> _MATERIAL PROVIDED_
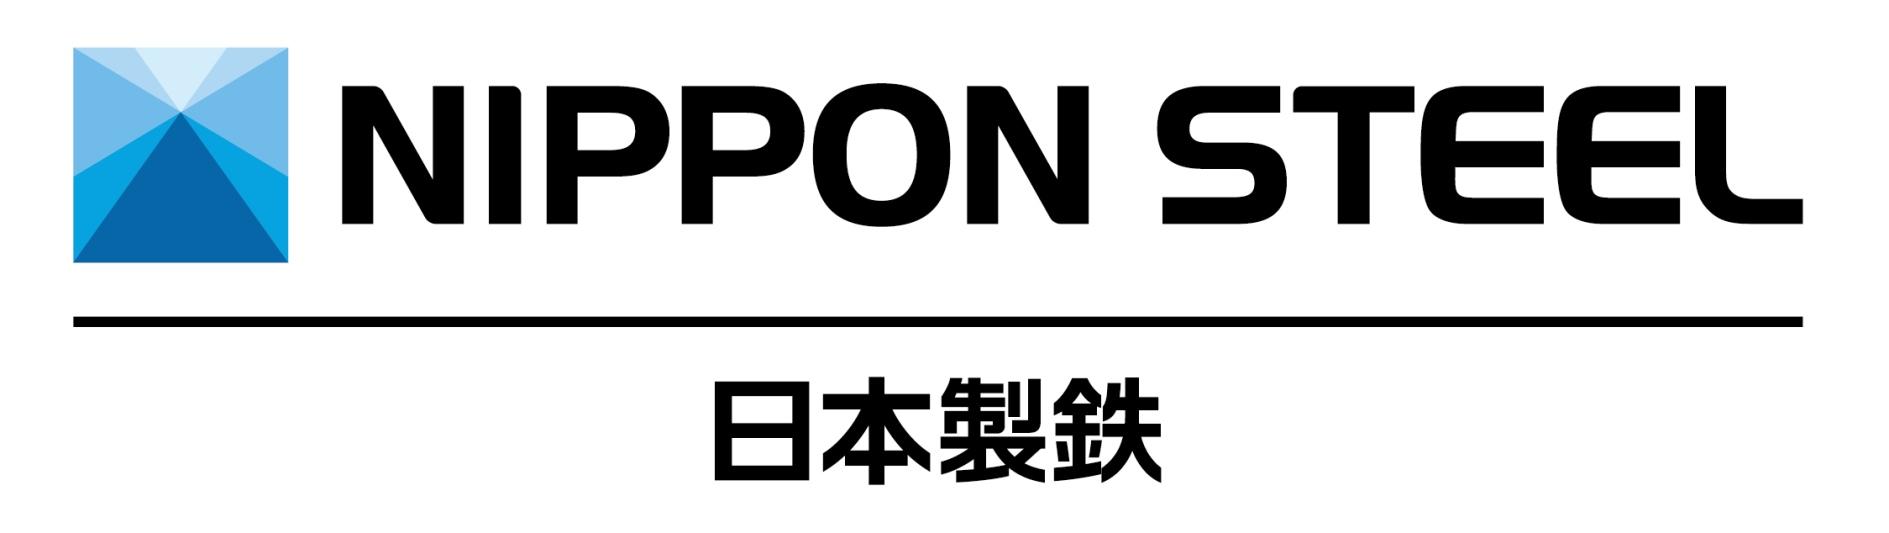 日本 製鉄 ニュース
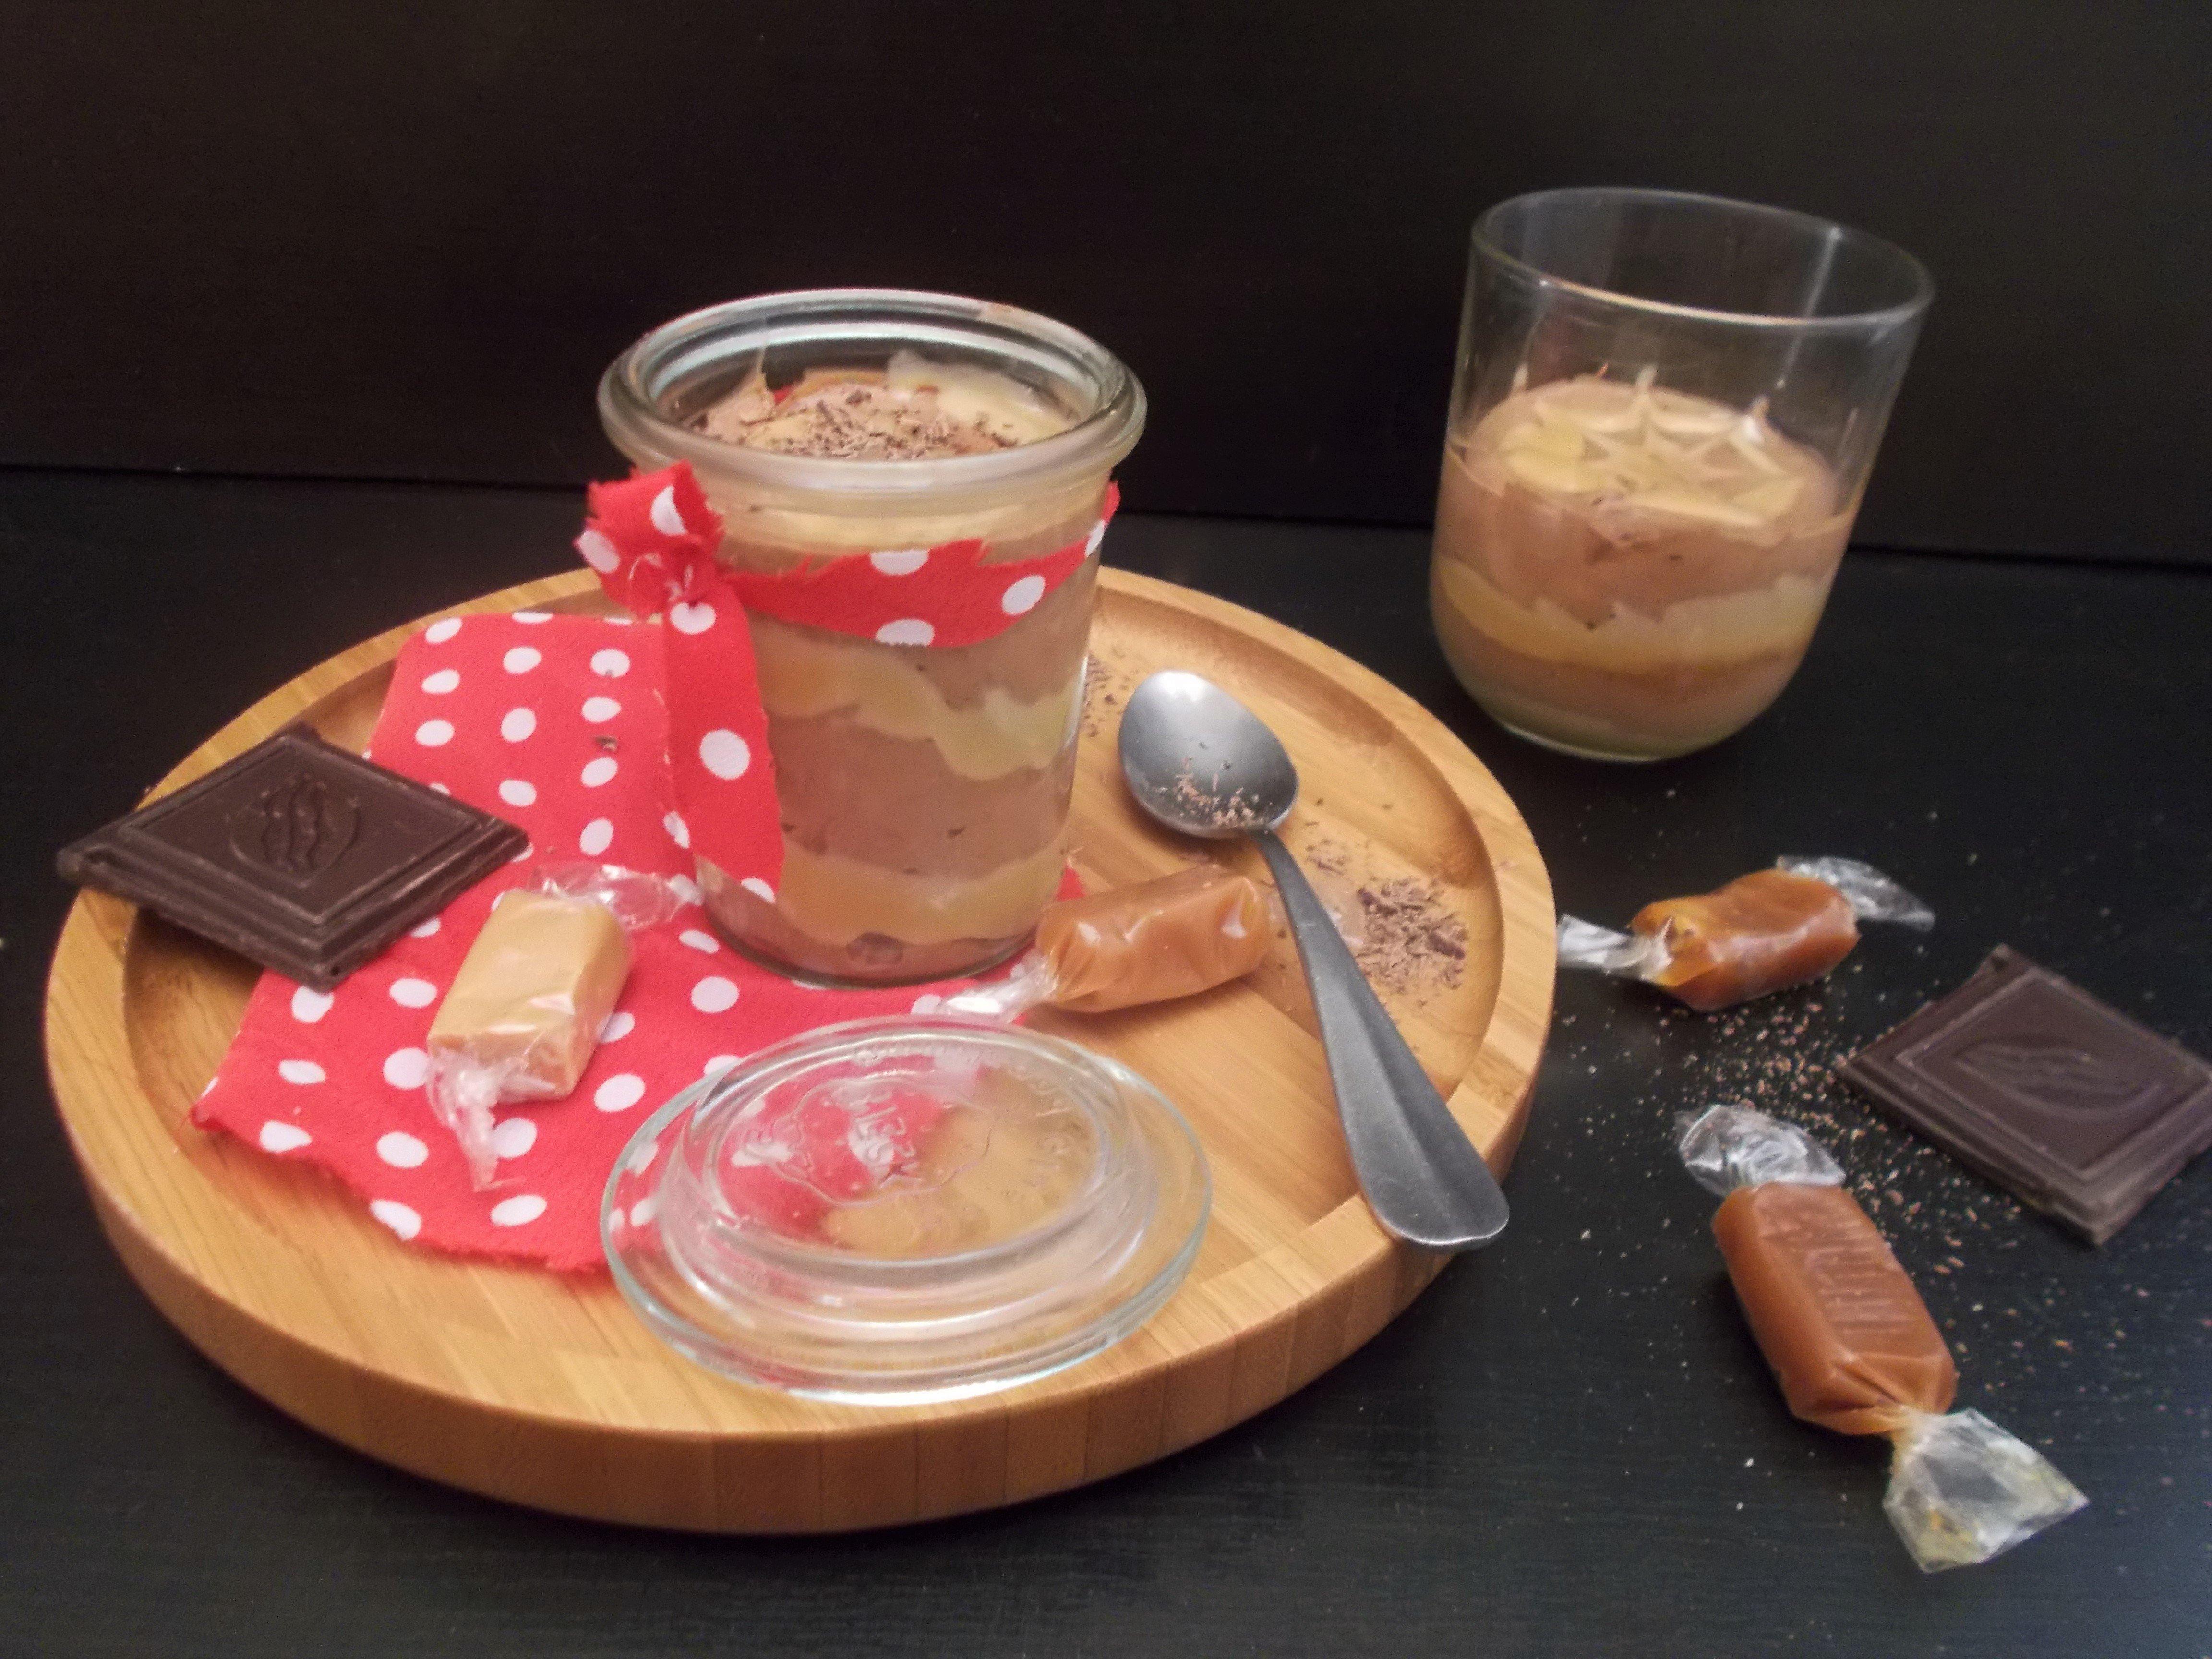 Brunch dominical #6 : mousse au chocolat marbrée caramel
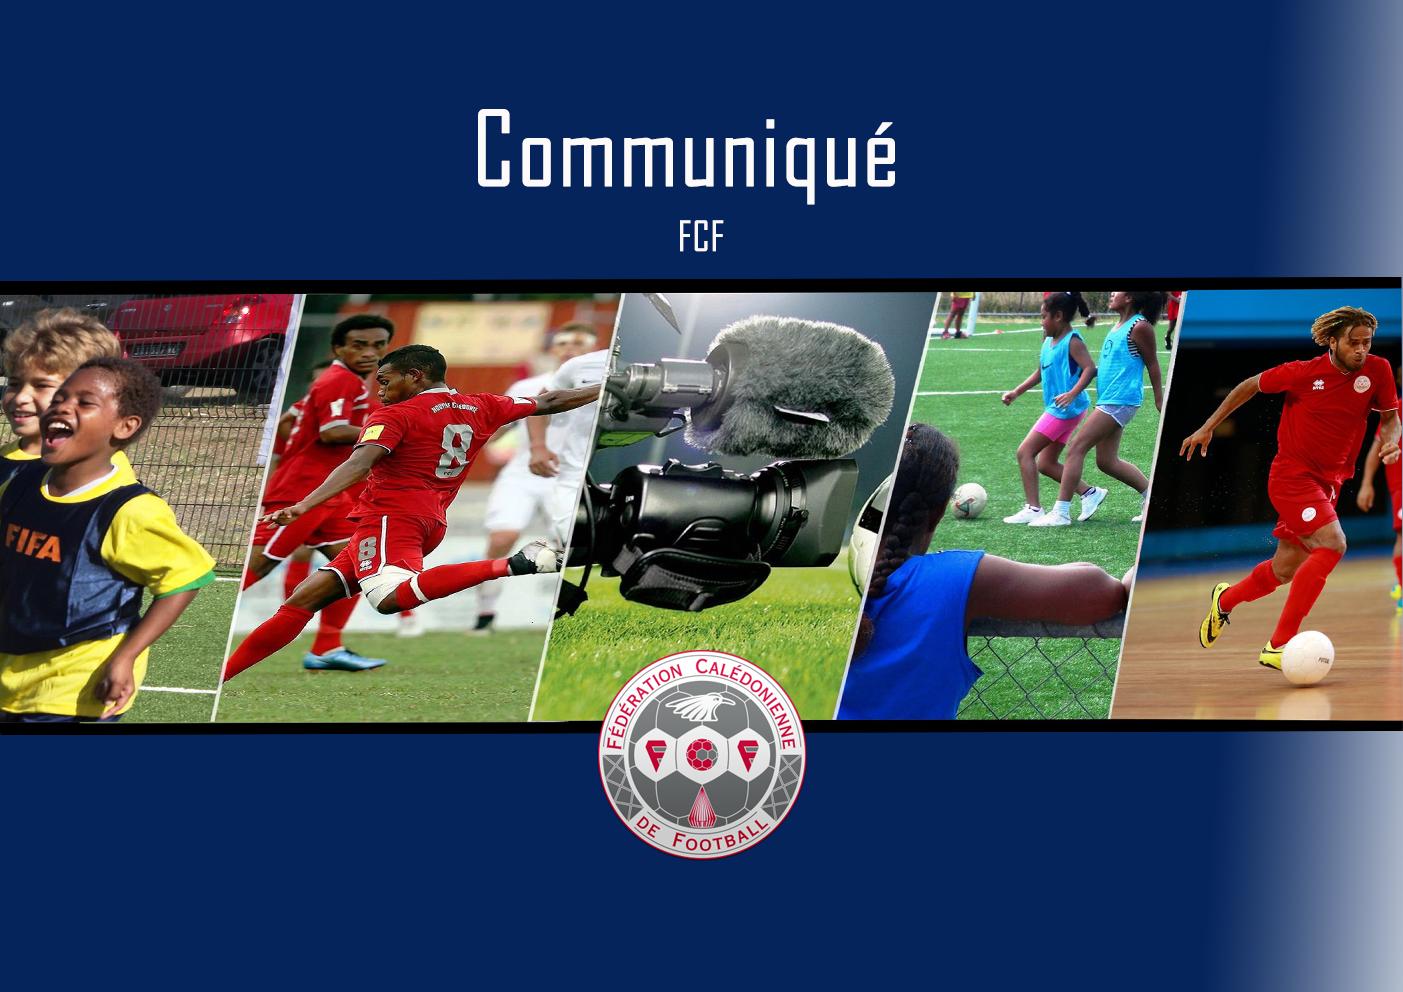 Le football calédonien à l'arrêt / Communiqué FCF
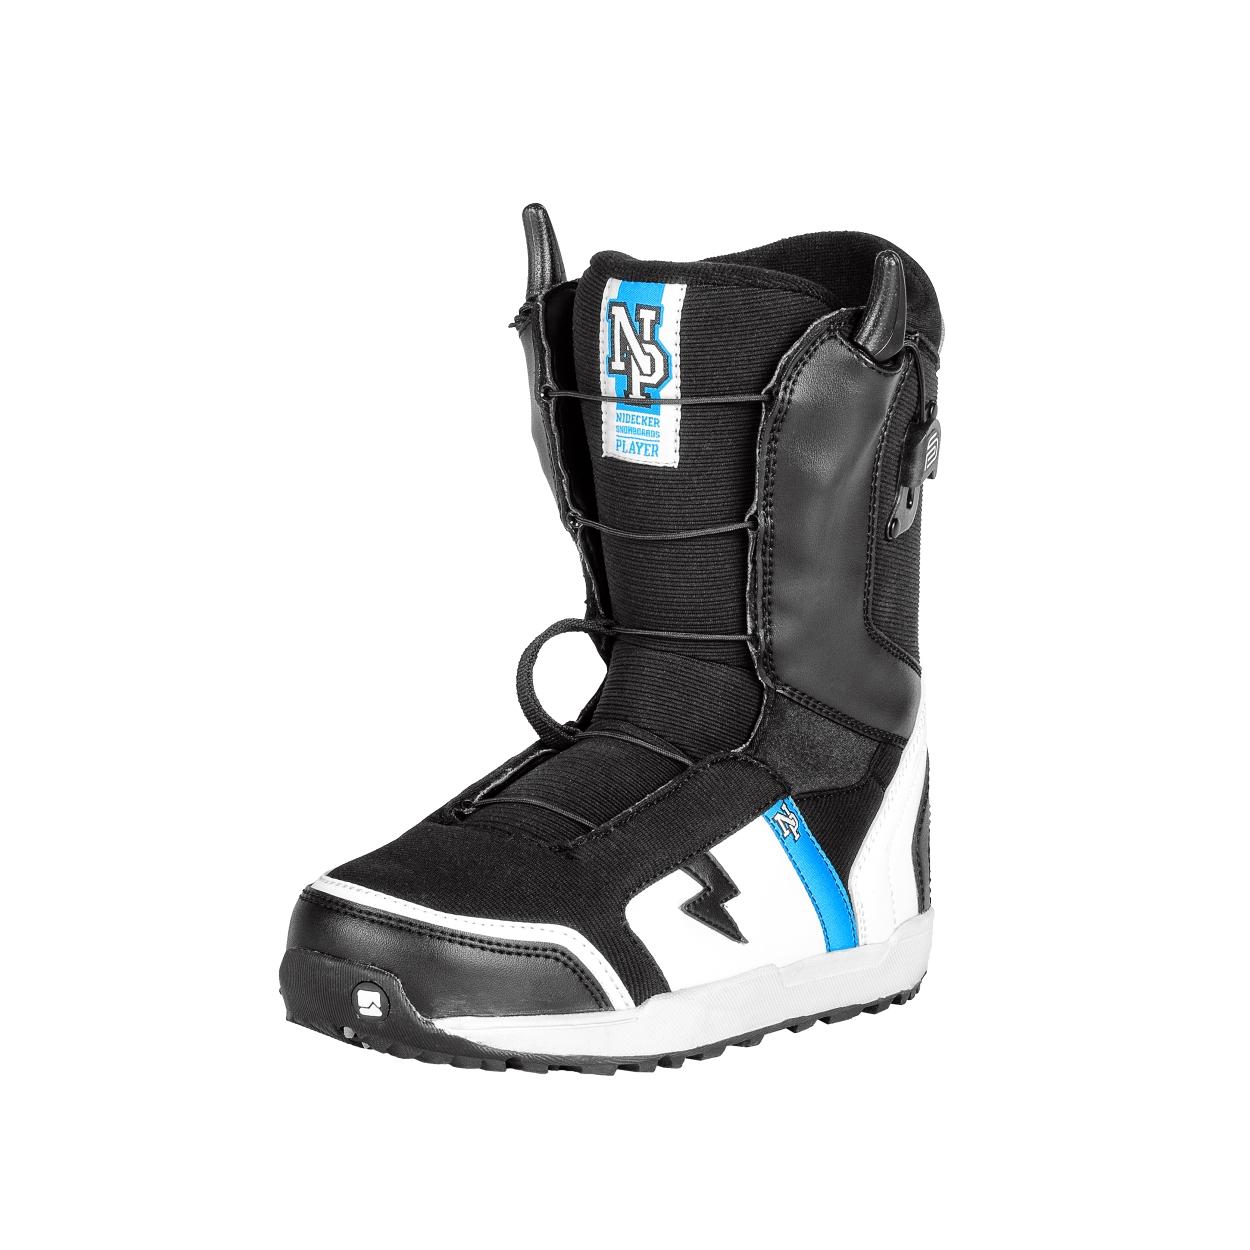 Ботинки для сноуборда NIDECKER 2016-17 YOUTH PLAYER
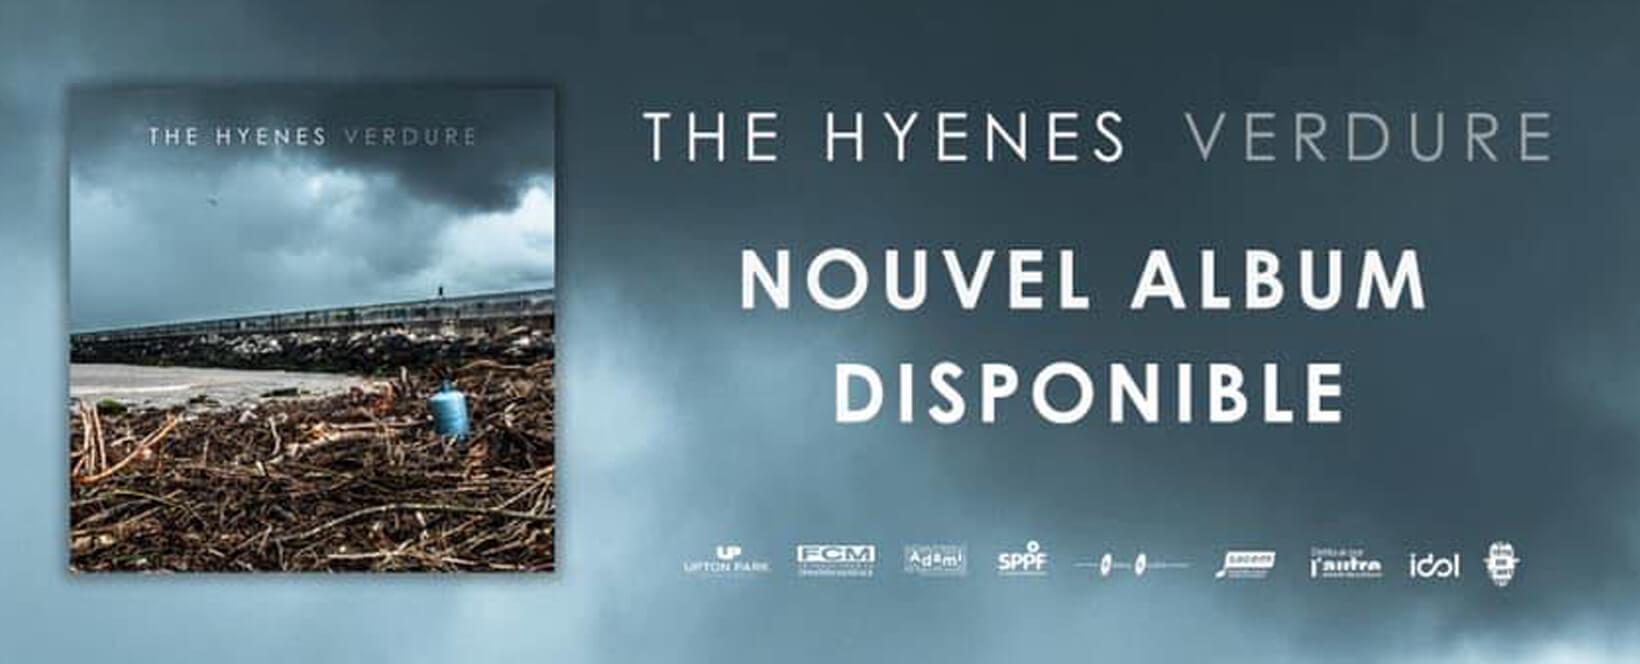 BC-359-Album - The Hyènes : Verdure - Radio Galaxie 98.5FM

> _ACTION ITEM_
Once you find the line that contains "Brunch dominical #6", give it again along with every later line through the end of the data, word for word, minus the pictures.

> _OUTPUT_
 Brunch dominical #6 : mousse au chocolat marbrée caramel
 Le football calédonien à l'arrêt / Communiqué FCF
 Ботинки для сноуборда NIDECKER 2016-17 YOUTH PLAYER
 BC-359-Album - The Hyènes : Verdure - Radio Galaxie 98.5FM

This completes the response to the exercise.